The expected behavior is as follows: If an original spectrogram D
has frequency values ranging from 0 to ~5000, then the accompanying mel-spectrogram that is obtained by librosa.feature.melspectrogram(S=D, sr=sr)
should have mel values ranging from 20 to ~2500. Using the y_axis='mel'
argument should result in a y-axis that is on the ‘mel’ scale. The y-axis ticks can be scaled in any manner (log base 10 or log base 2 maybe), but most importantly the value range should be between 0 and roughly 2500.
Actual behavior is as follows: The data is spread over a labeled range from 0 to ~10000 units. The y-axis appears to be in log base 2 scale, which is fine. However, the labeled units are Hz rather than mels, which is incorrect.
Summary: The range of values (y-axis ticks) seems incorrect, and the label “Hz” should be converted to “Mels”.
To Reproduce:
The following code will produce side by side of a standard spectrogram produced using stft()
and a mel spectrogram which is produced using librosa.feature.melspectrogram()
applied to the original stft()
output.
import librosa as li
import librosa.display
import numpy as np
import matplotlib.pyplot as plt
import scipy.signal as sig
# load sample audio
file = li.ex('trumpet')
aud, sr = li.load(file, sr=None)
n_ftt = 512
rsr = 11025
# apply low pass filter before downsampling. Attenuate at resample rate divided by 2.
cutoff = rsr / 2
sos = sig.butter(10, cutoff, fs=sr, btype='lowpass', analog=False, output='sos')
aud = sig.sosfilt(sos, aud)
# downsample and update sample rate value
aud, sr = li.resample(aud, sr, rsr), rsr
# create both standard and mel spectrograms:
spec = li.stft(aud, n_fft=512, window=sig.windows.hamming)
spec = np.abs(spec)
mel_spec = li.feature.melspectrogram(S=spec, sr=11025)
# plot standard spectrogram and mel-scale spectrogram side by side:
fig, axes = plt.subplots(1, 2, figsize=(10, 4))

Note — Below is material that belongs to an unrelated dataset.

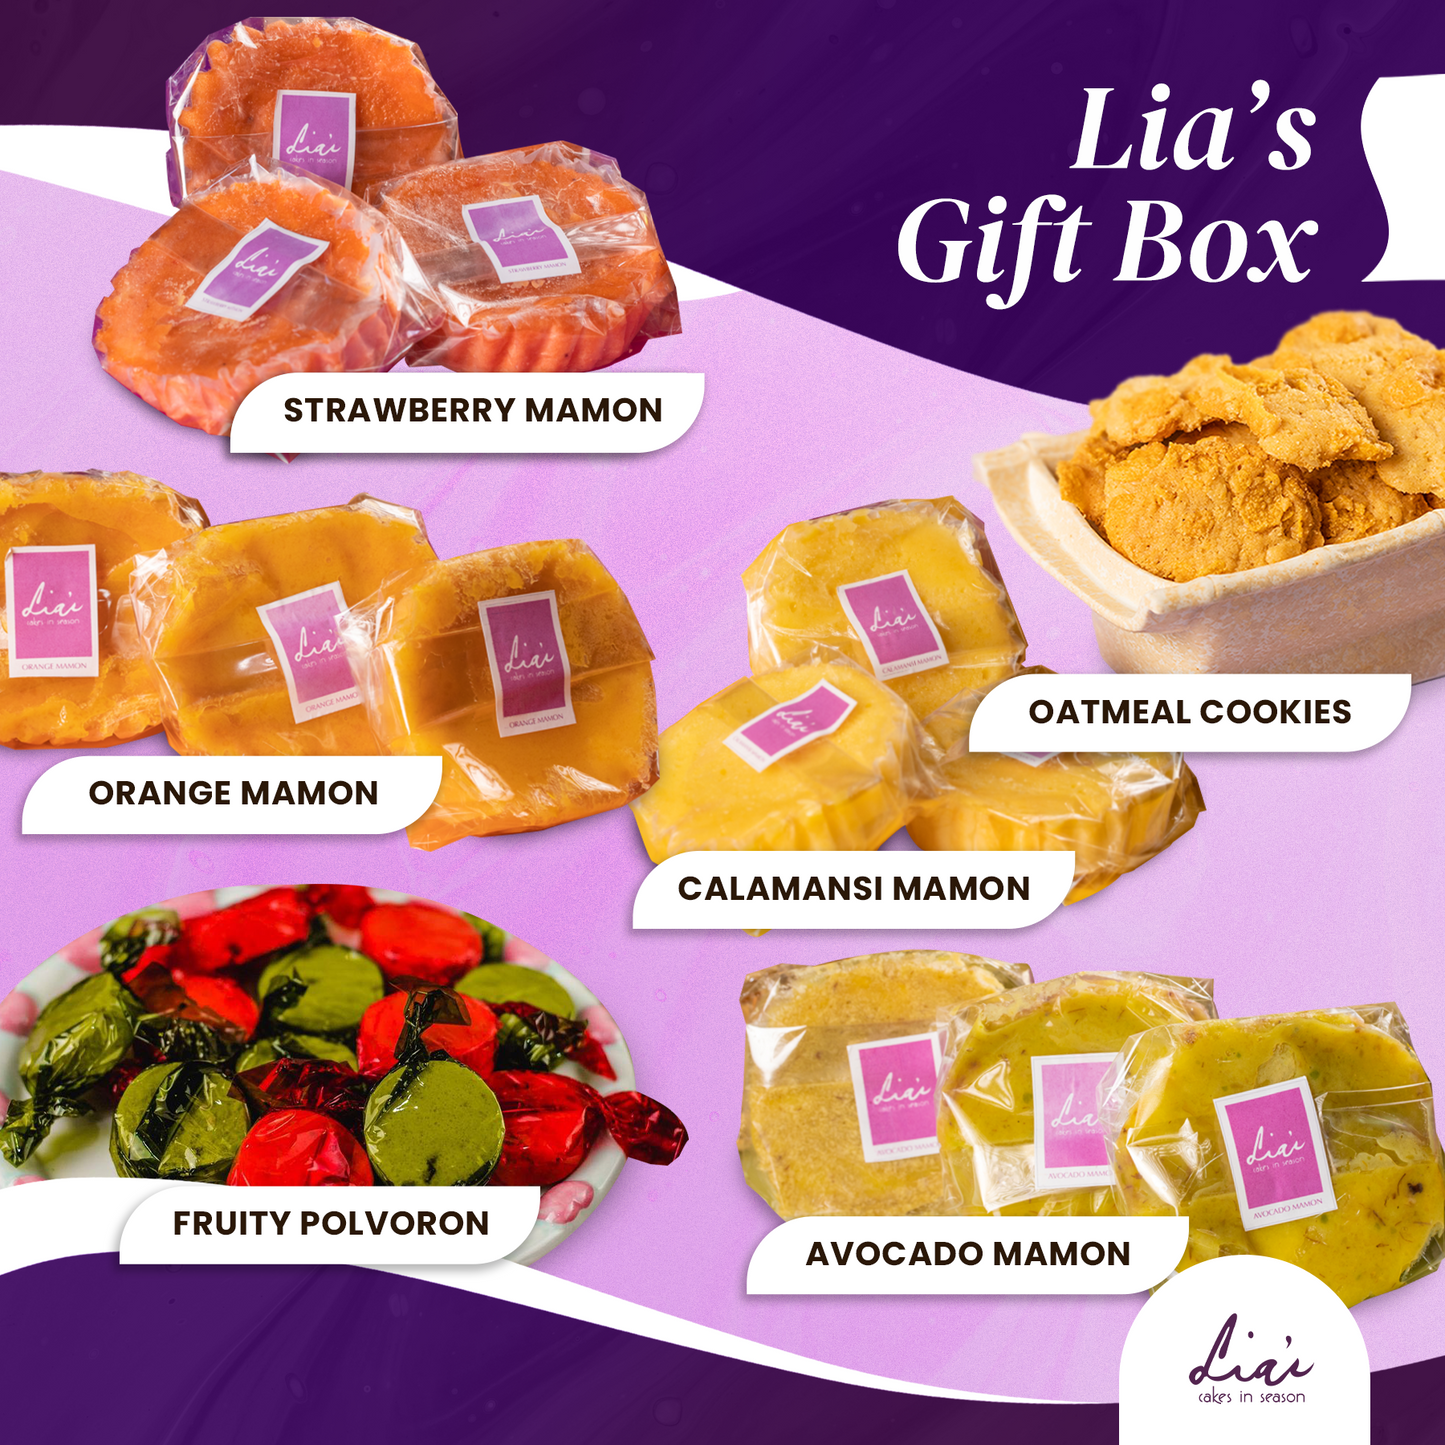 Lia's Gift Box

specs = (li.amplitude_to_db(sp) for sp in (spec, mel_spec))
scales = ('hz', 'mel')
for i, (sp, sc) in enumerate(zip(specs, scales)):
li.display.specshow(sp, x_axis='time', y_axis=sc, sr=sr, ax=axes[i])
plt.tight_layout()
plt.show()
Screenshots This is the result of the “To Reproduce” code above:
Software versions*
Windows-10-10.0.14393-SP0
Python 3.8.0 (tags/v3.8.0:fa919fd, Oct 14 2019, 19:37:50) [MSC v.1916 64 bit (AMD64)]
NumPy 1.19.1
SciPy 1.5.2
librosa 0.8.0
INSTALLED VERSIONS
------------------
python: 3.8.0 (tags/v3.8.0:fa919fd, Oct 14 2019, 19:37:50) [MSC v.1916 64 bit (AMD64)]
librosa: 0.8.0
audioread: 2.1.8
numpy: 1.19.1
scipy: 1.5.2
sklearn: 0.23.2
joblib: 0.16.0
decorator: 4.4.2
soundfile: 0.10.3
resampy: 0.2.2
numba: 0.50.1
numpydoc: None
sphinx: 3.1.1
sphinx_rtd_theme: None
sphinxcontrib.versioning: None
sphinx-gallery: None
pytest: 6.0.1
pytest-mpl: None
pytest-cov: None
matplotlib: 3.3.0
presets: None
Additional context That’s it! Perhaps I’m missing something conceptually or there is an error in my code, but I think I’ve got everything right. If I’ve messed something up, I apologize for reporting this as a bug!
Issue Analytics
- State:
- Created 3 years ago
- Comments:6 (5 by maintainers)
Top GitHub Comments
It feels a little bloaty, but I’d be okay with it. It would just be a pass-through param at this line: https://github.com/librosa/librosa/blob/7a5efc5f8b921db6ee8079b411629198c2154a18/librosa/display.py#L1266
@wcneill maybe it would help to understand how this is all implemented under the hood.
When you say
y_axis='mel'
, specshow will calculate the center frequency (in Hz) of each mel band, based on the parameters (sampling rate, nfft, etc). It will then render the spectrogram in natural (y-axis) coordinates, which in this case means Hz. Finally, based on how the Slaney (default) filters are defined, it uses a linear axis warping below 1KHz, and a logarithmic warping above 1KHz (asymlog
axis, in matplotlib speak) to stretch the rendered figure. The reason we do it this way is so that the y-axis is always in Hz, and you can interact with the plot accordingly: eg by plotting f0 curves (also measured in hz), or highlighting frequency bands of interest, etc. Similar things are done for linear stft, log-frequency stft, and cqt: the coordinates will all be transformed so that the resulting y-axis is in Hz.